··· Recorded information

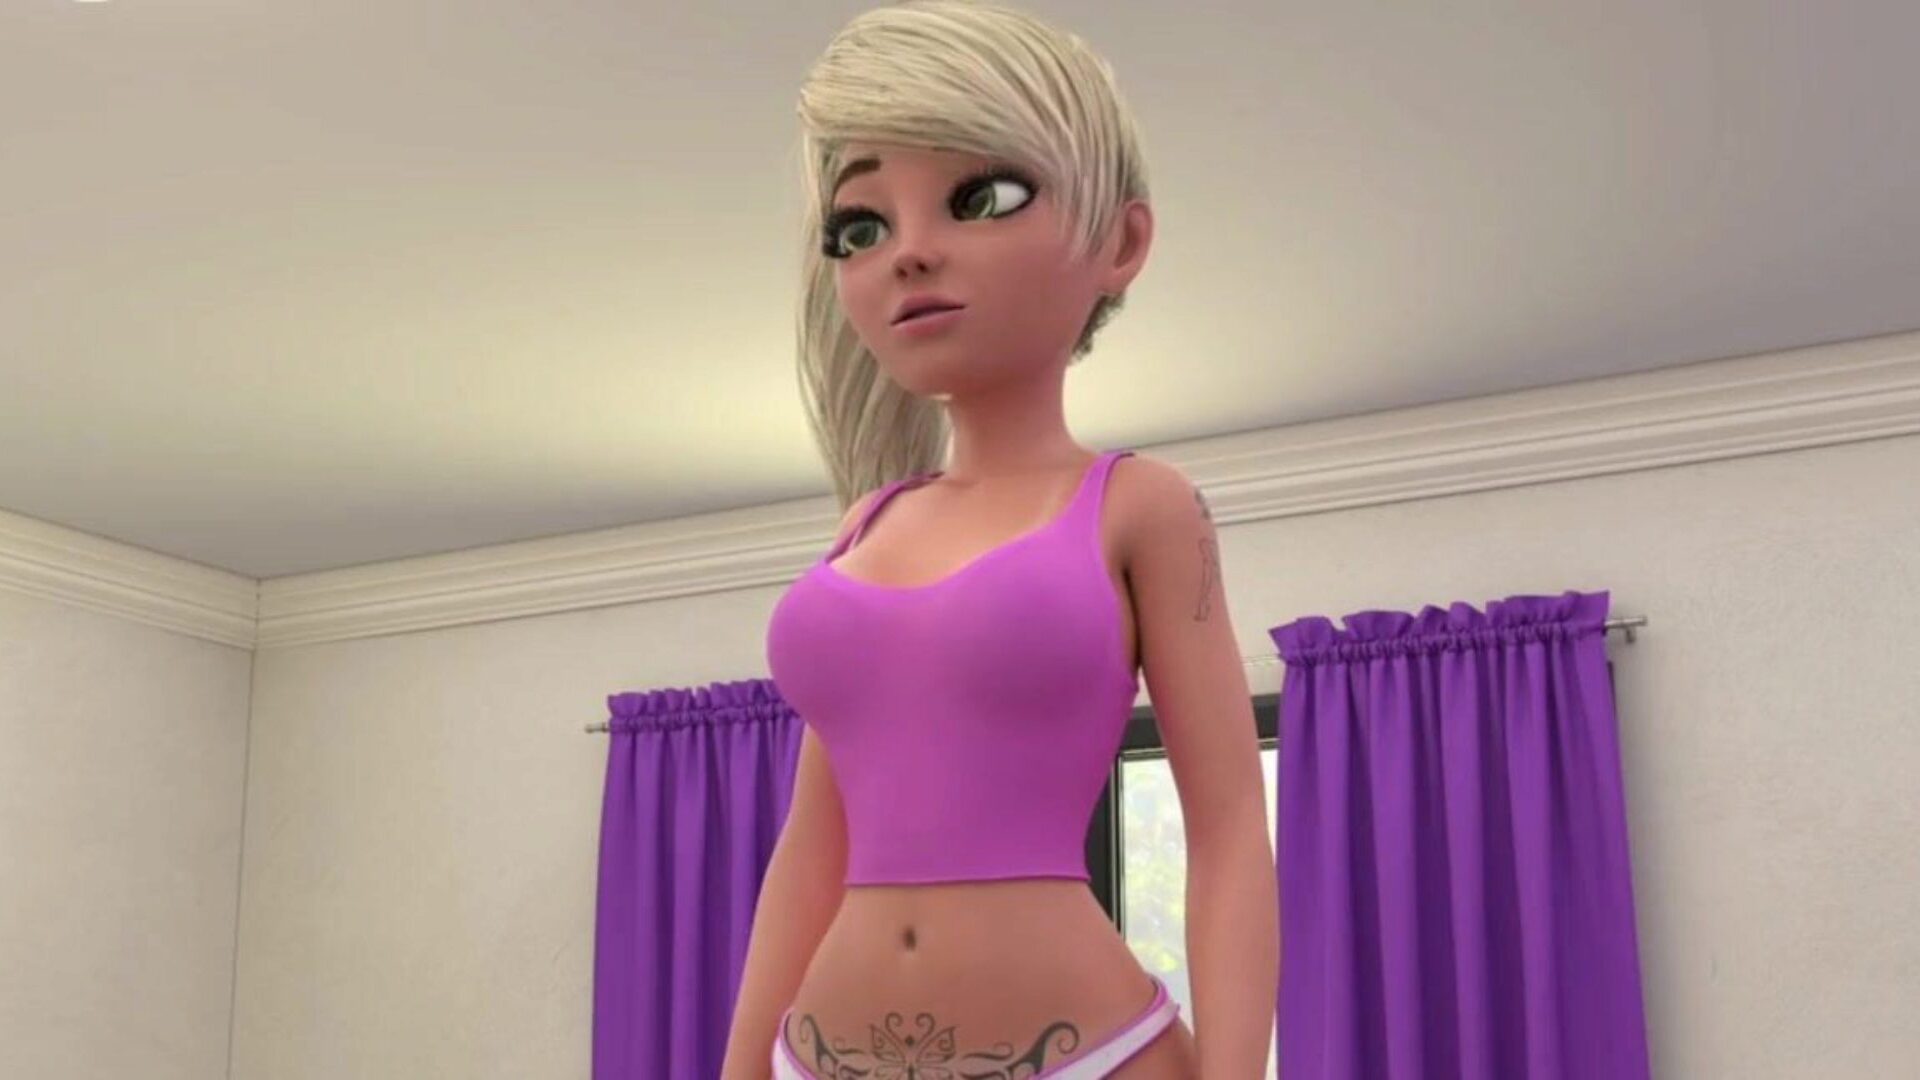 Huge dong dickgirl copulates mamma - 3D Futa Animation (ENG Voices)
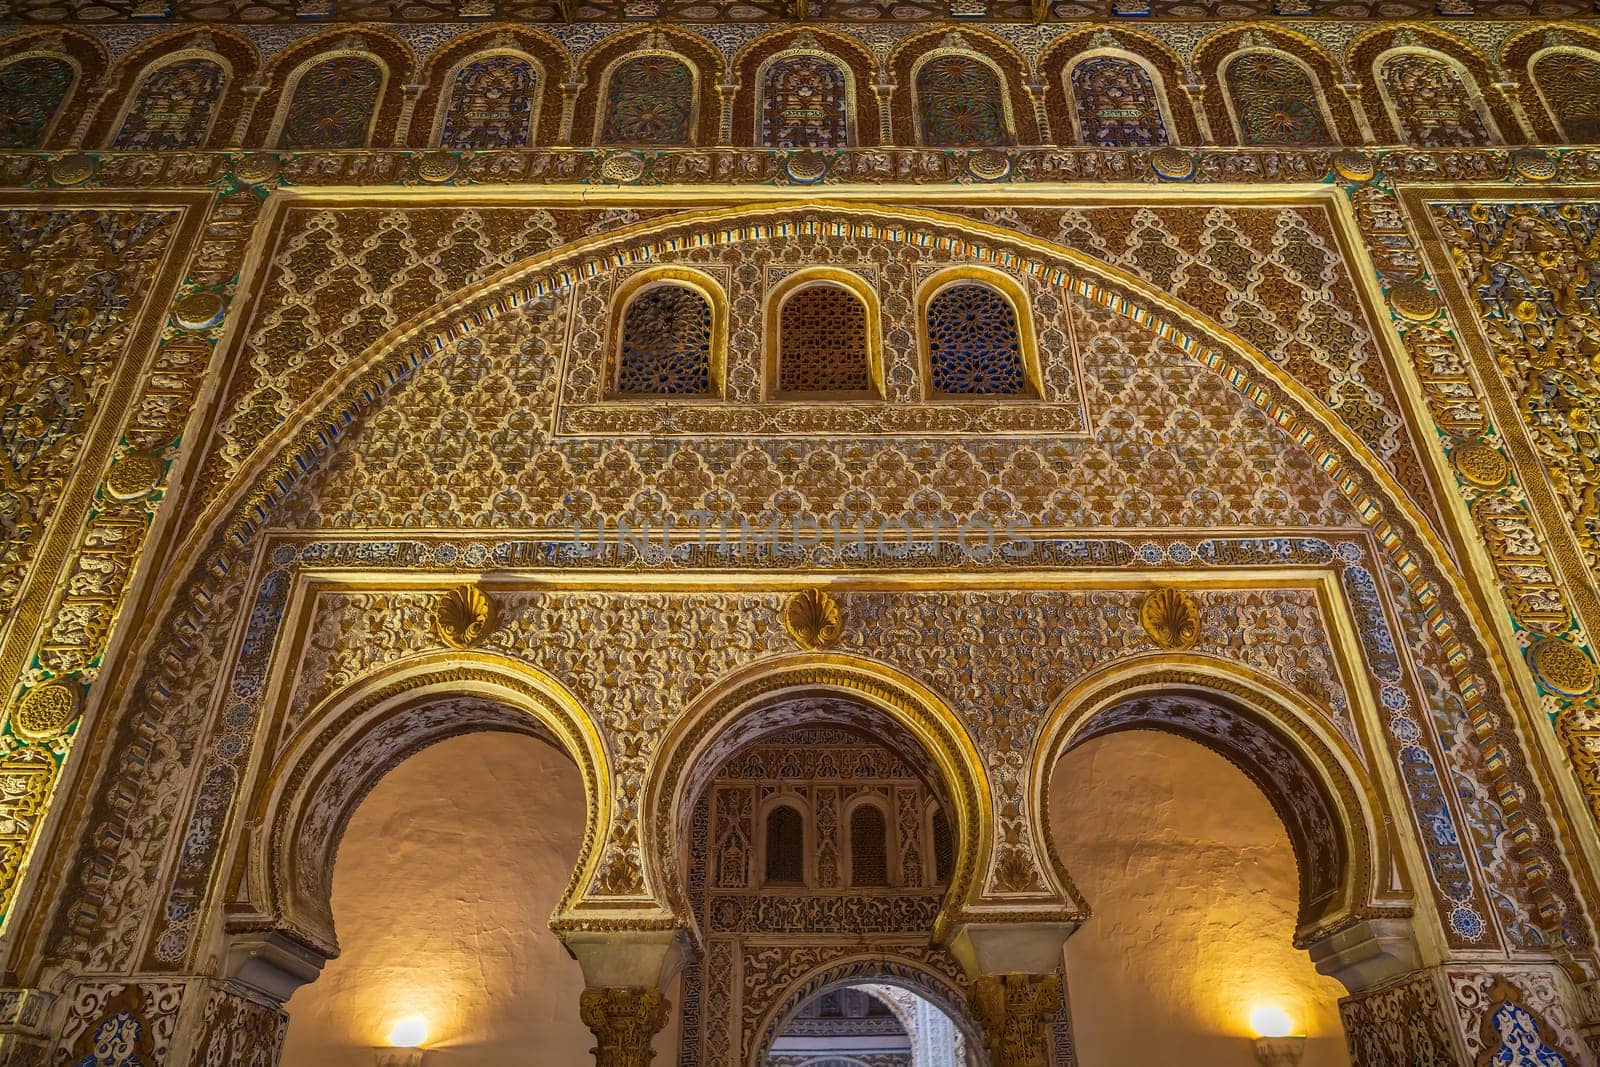 Interior details of Real Alcazar de Sevilla in Spain
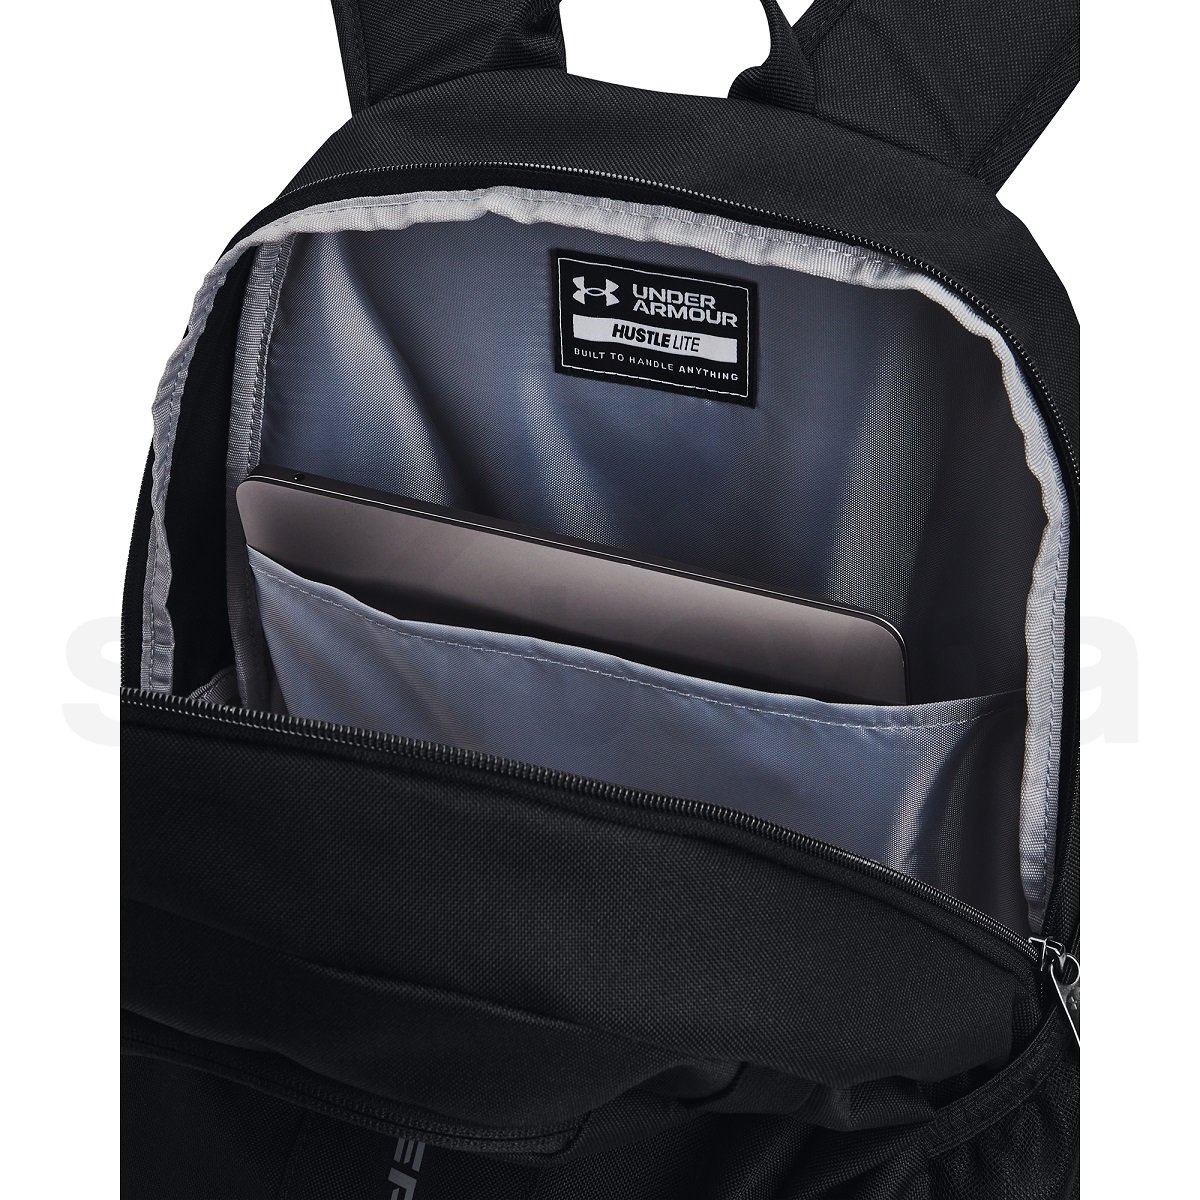 Batoh Under Armour Hustle Lite Backpack - černá

······

Task description: Precisely the lines from the one containing "Interior details of" to the end of the data above, both included, should be printed; leave the pictures out.

Answer section:
 Interior details of Real Alcazar de Sevilla in Spain
 Batoh Under Armour Hustle Lite Backpack - černá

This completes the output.